__WORK TASK__.
The answer must be an exact reprint of the lines from the one with "Men's Essential Jacket - 3505 - Black" through the final line of the data, with no pictures included.

*** Opening PROVIDED DATA ***

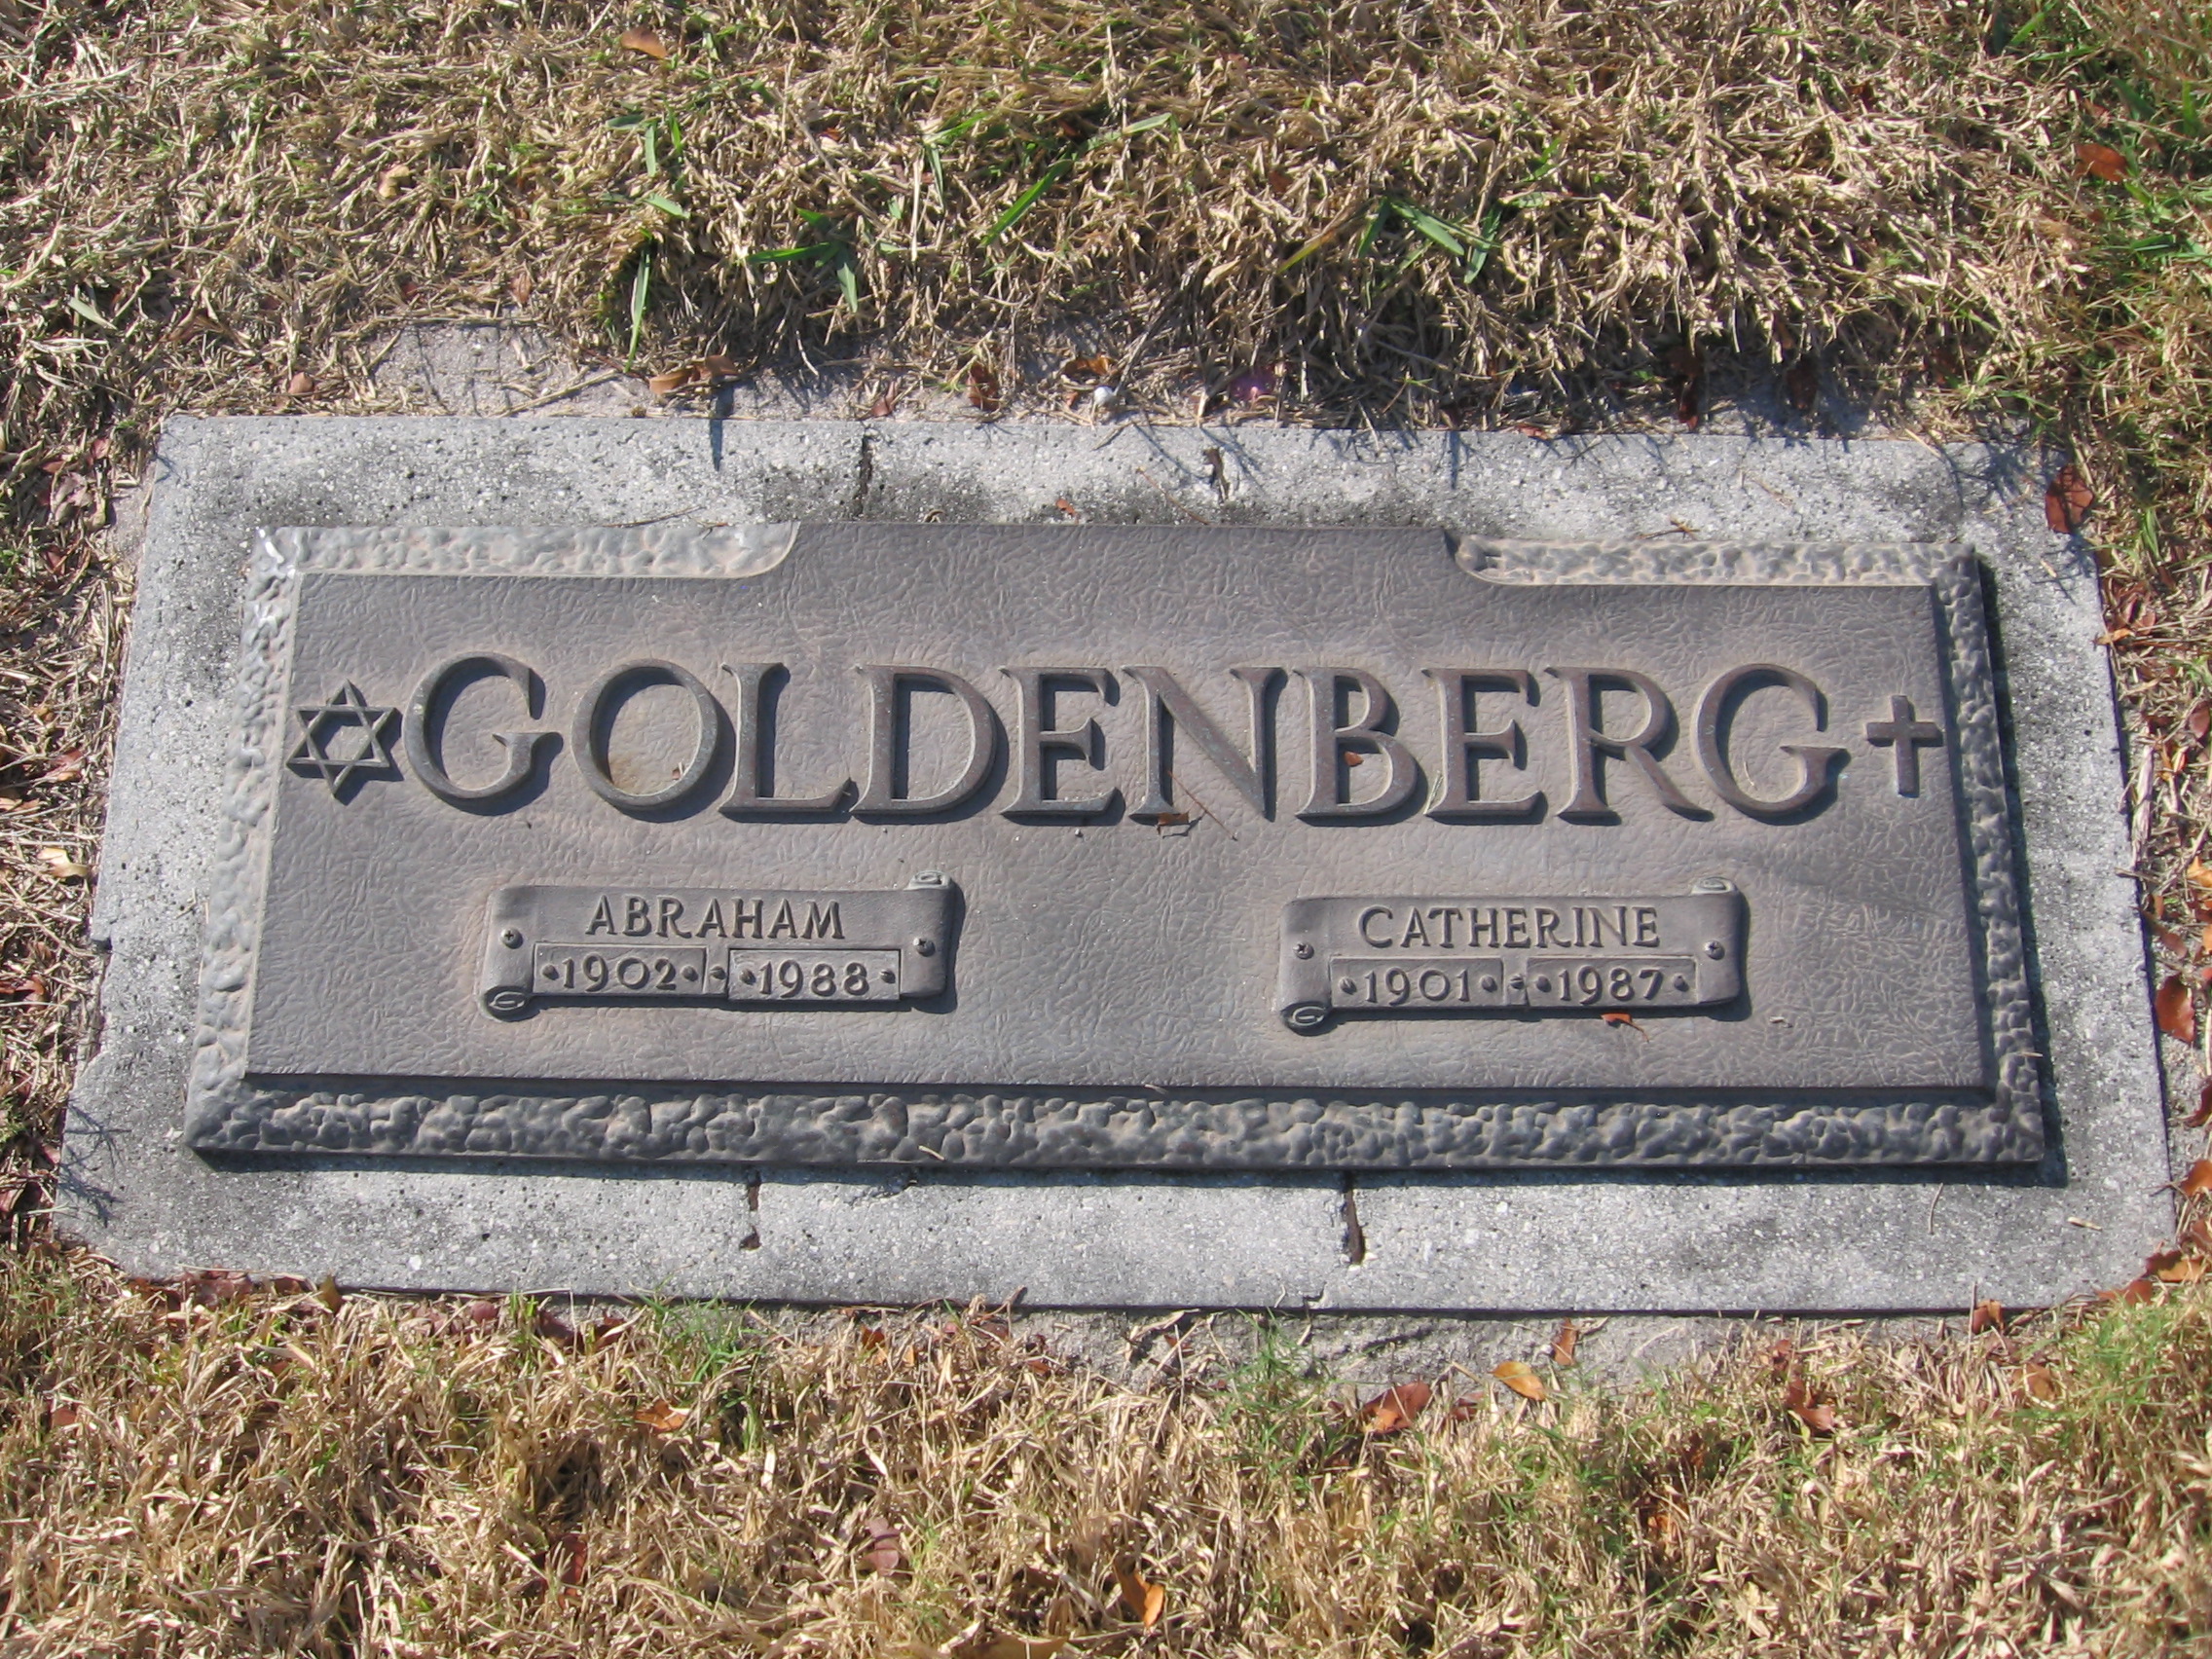 Catherine Goldenberg
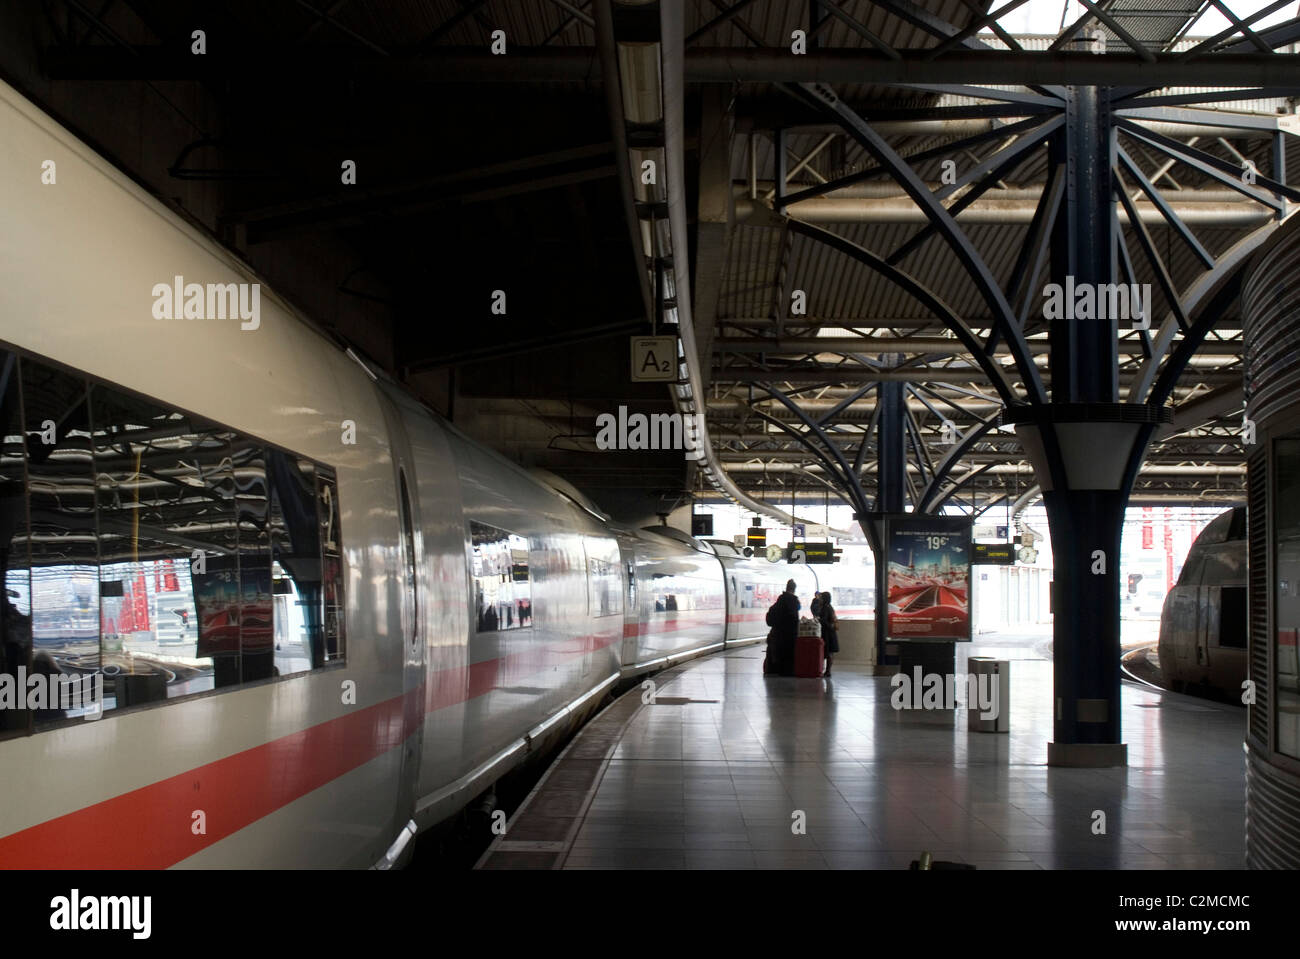 ICE (Intercity Express) Bahnhof, Brüssel Zuid, Brüssel, Belgien Stockfoto
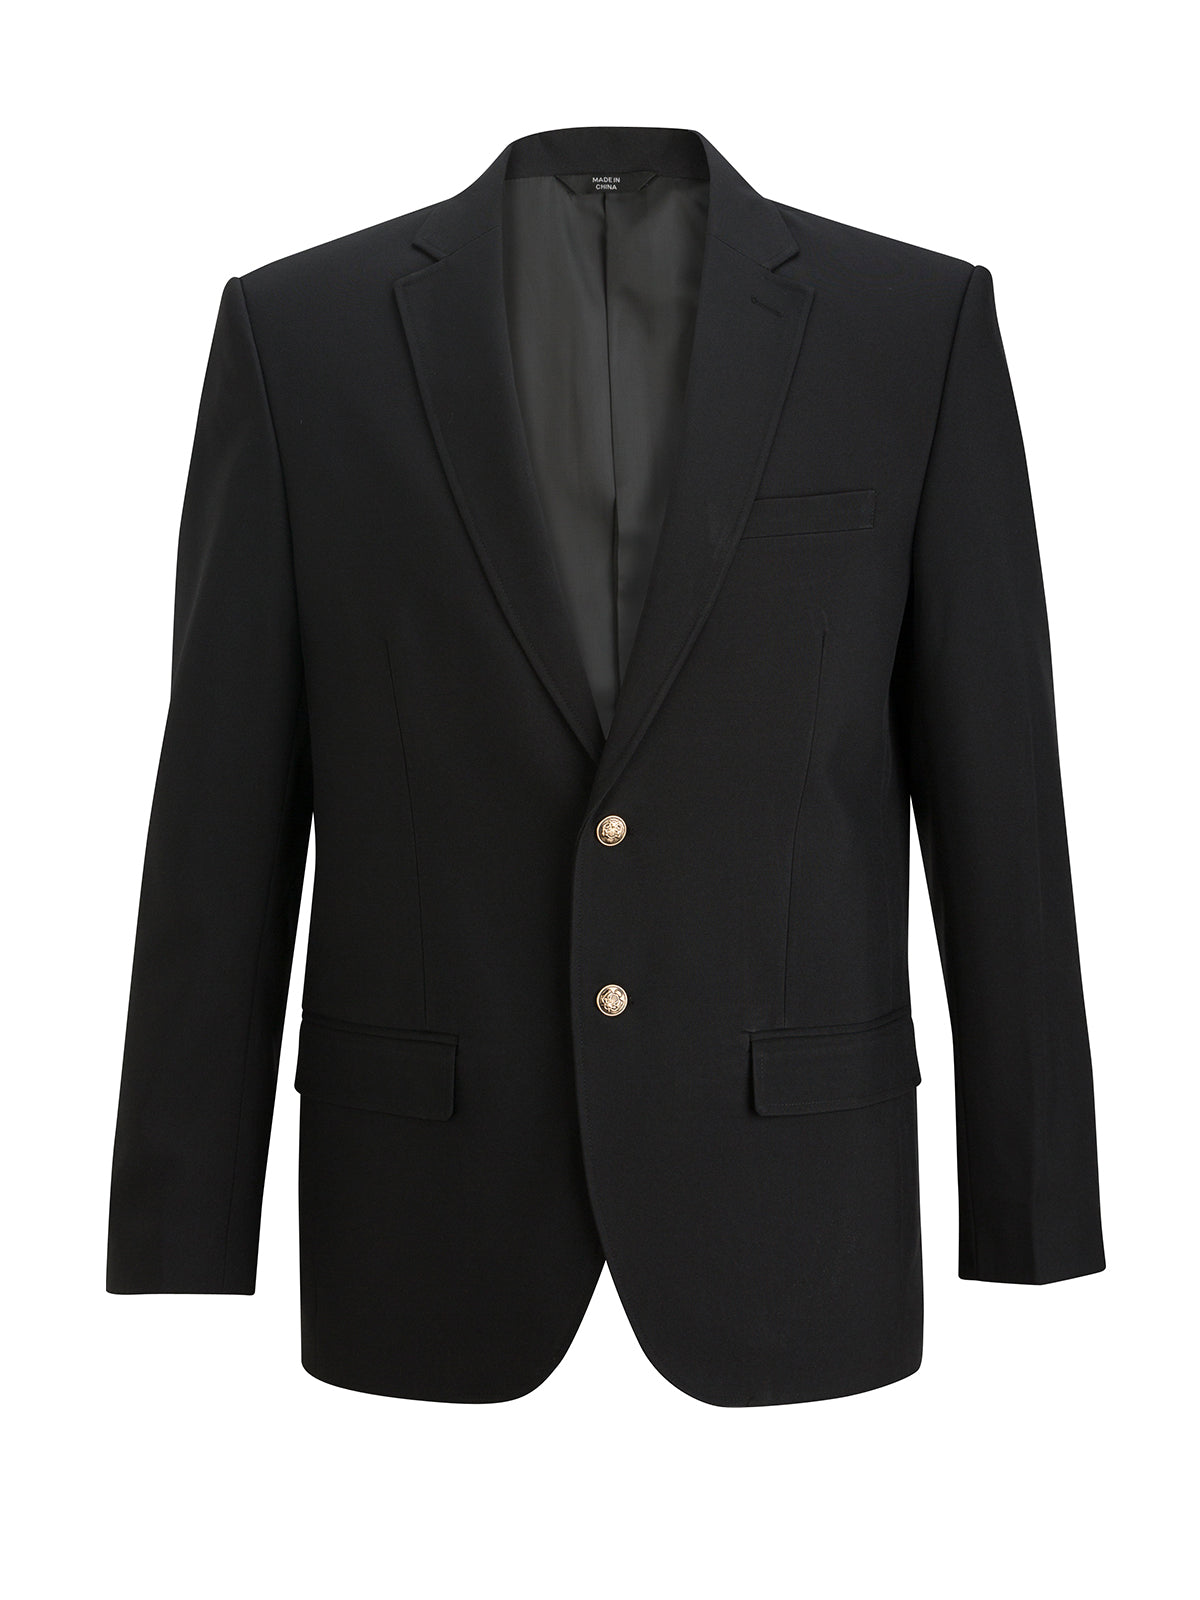 Men's Essential Jacket - 3505 - Black
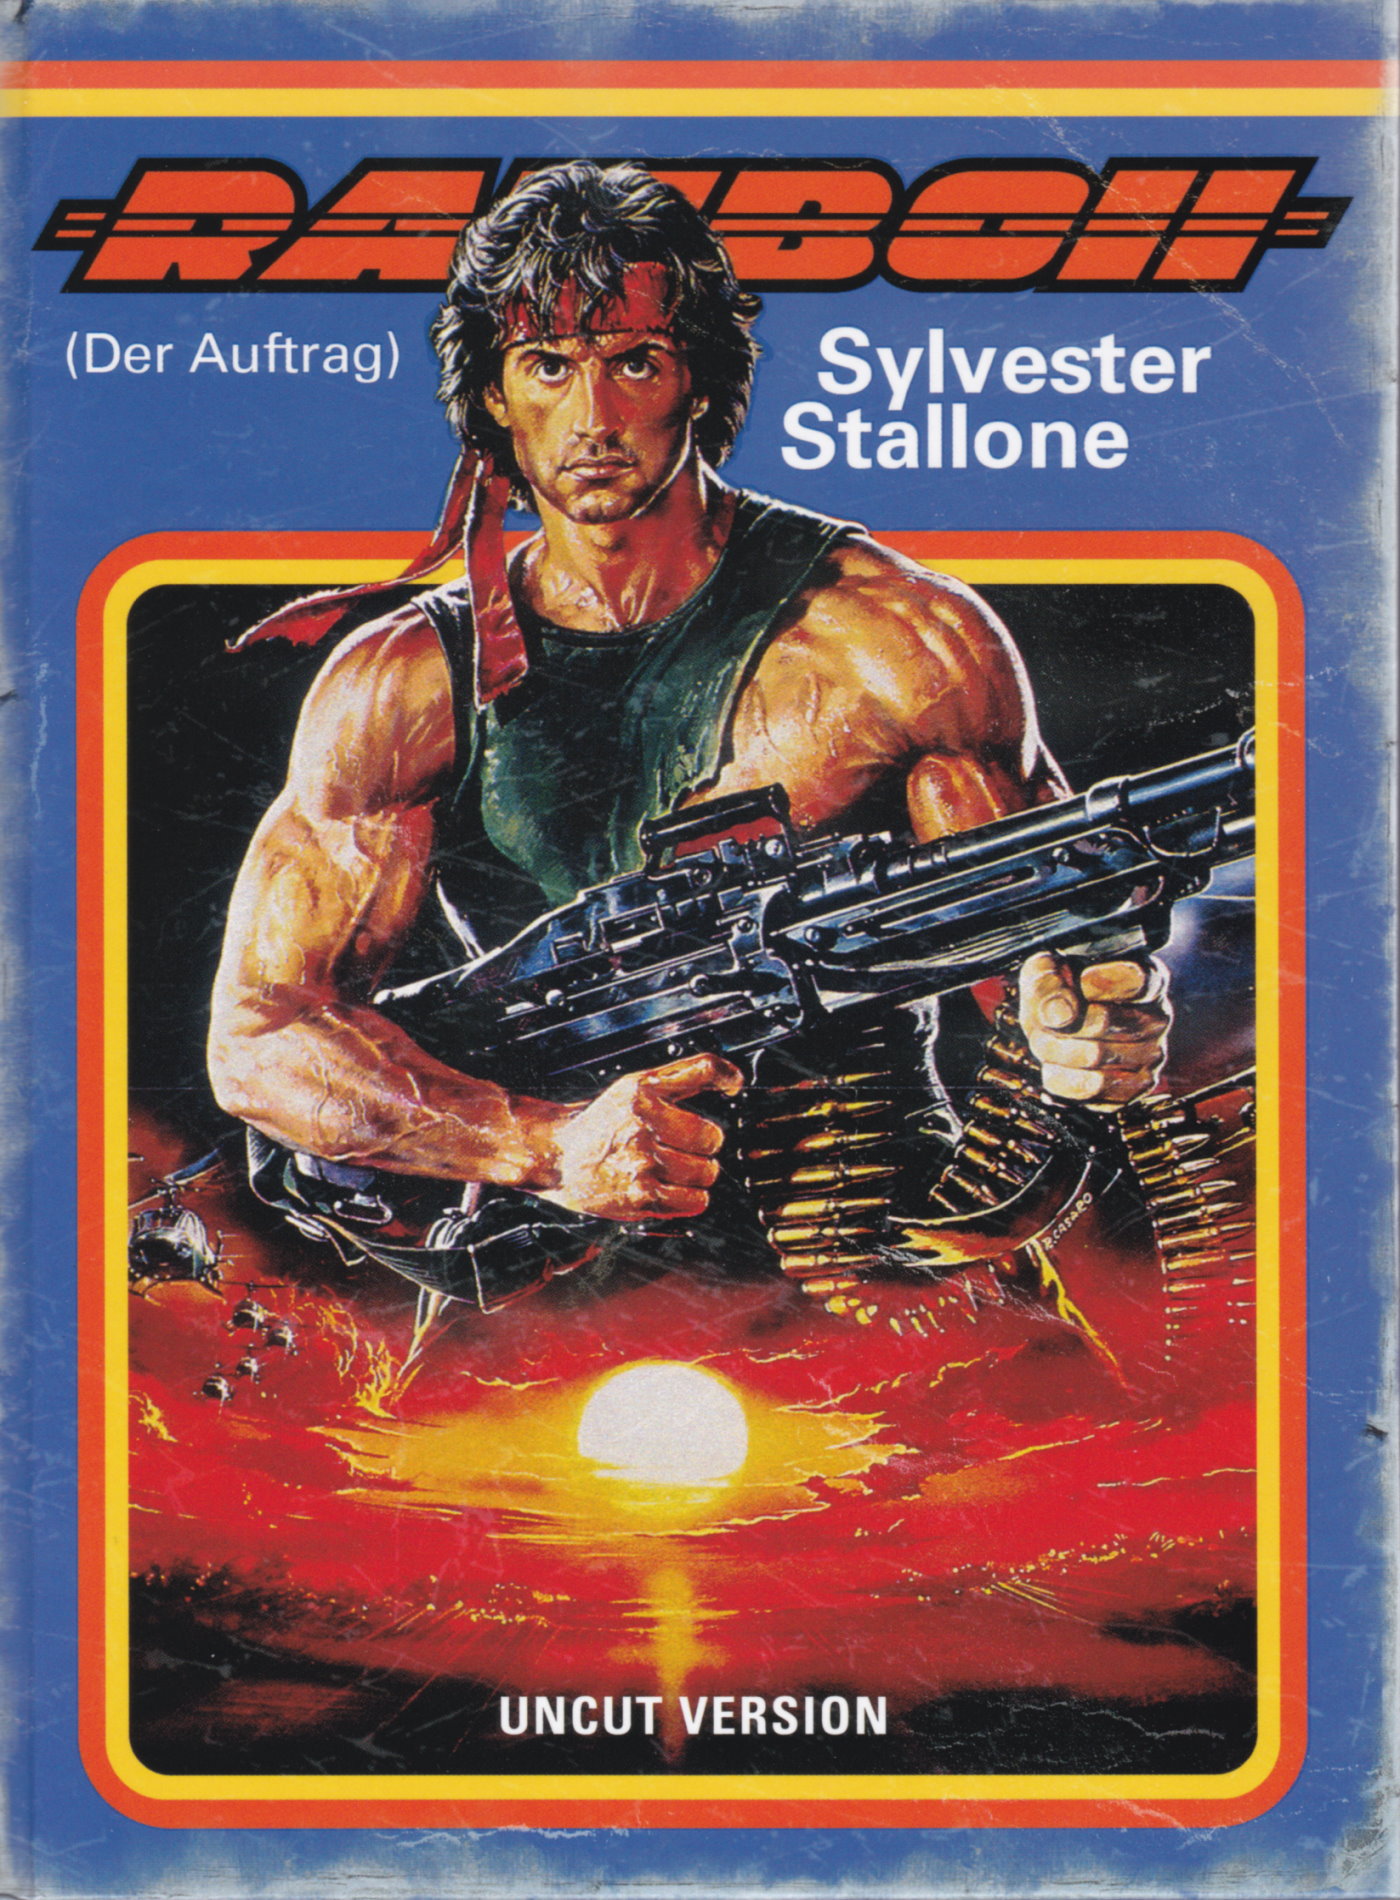 Cover - Rambo II - Der Auftrag.jpg

*** Closing PROVIDED DATA ***

__EXERCISE SOLUTION__.
 Men's Essential Jacket - 3505 - Black
 Cover - Rambo II - Der Auftrag.jpg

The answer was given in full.